Connecting data and consumer outcomes: Preparing for the consumer credit reporting transformation

16 May, 2024

Rory Davis

Manager, PwC United Kingdom

+44 (0)7483 326478

Email

The Financial Conduct Authority’s (FCA) rules to bolster supervision of the consumer credit sector through new product sales data (PSD) reporting requirements bring a number of challenges that firms must start to prepare for.

Despite an extension to the go-live date from March next year to later dates in 2025/26, the steps to implementation are significant. Firms need to start work now to define data requirements and identify gaps, build operational readiness, and implement a robust and accurate reporting and governance framework.

The FCA rules bring about a substantive shift for the consumer credit sector, transitioning from ad hoc data submissions to a rulebook that requires granular quarterly reporting of product sales and performance data.
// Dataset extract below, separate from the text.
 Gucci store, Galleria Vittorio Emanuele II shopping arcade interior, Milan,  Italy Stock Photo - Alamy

These changes come against the backdrop of the Consumer Duty, which raises the bar for how firms deliver good customer outcomes, and the regulator’s shift towards an increasingly data-driven supervisory approach. 

The level of detail expected and quantity of derived and enumerated fields in the returns, coupled with the quarterly reporting frequency, will pose a significant challenge for many firms.

The reporting challenge

The FCA’s requirements introduce over 100 new calculated fields for firms to report, distributed across sales, performance and back book data. The level of detail expected and quantity of derived and enumerated fields in the returns, coupled with the quarterly reporting frequency, will pose a significant challenge for many firms. 
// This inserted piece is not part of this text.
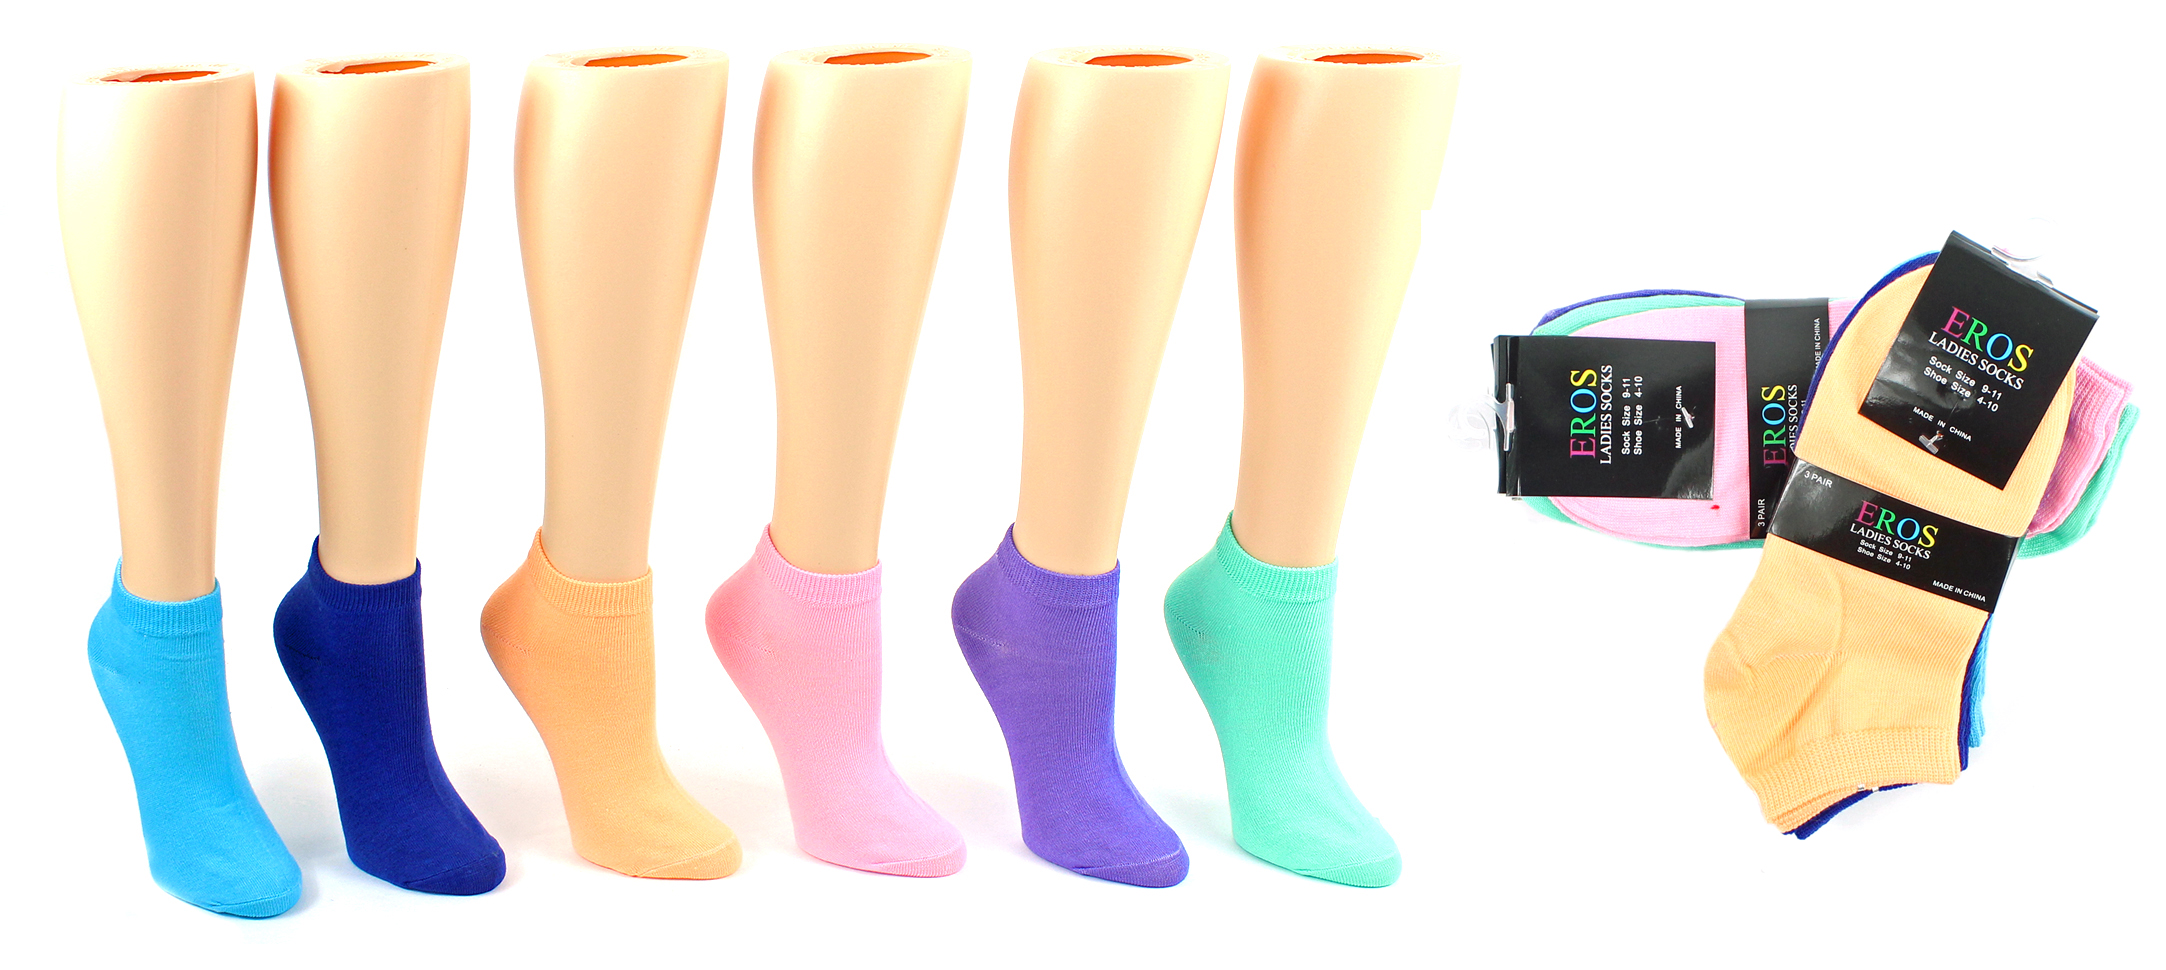 Women's Low Cut Novelty Socks - Solid Pastel Colors - Size 9-11

The extraction and consolidation of data into one system for reporting may also bring complexities given the scope of data sources required, for example on facility, customer, product, and agreement reference data. This can be more difficult where data is collected from outsourced providers, or where legacy IT infrastructure is used. 

Four key areas of focus

To successfully prepare, firms must prioritise four key actions:

  1. Perform a gap analysis of the data required in the returns against the data available internally from various source systems. Programmes may need to be set up to close any data gaps.

  2. Understand third party data dependencies and establish regular coordination and information sharing mechanisms to satisfy all reporting fields and timelines.

  3. Translate data into meaningful management information. This includes validating data, setting tolerances, establishing clear roles and responsibilities, and appropriate reporting channels with escalation routes and action tracking. The FCA will expect firms to incorporate relevant data into their ongoing customer outcomes monitoring which should already be in place under the Consumer Duty.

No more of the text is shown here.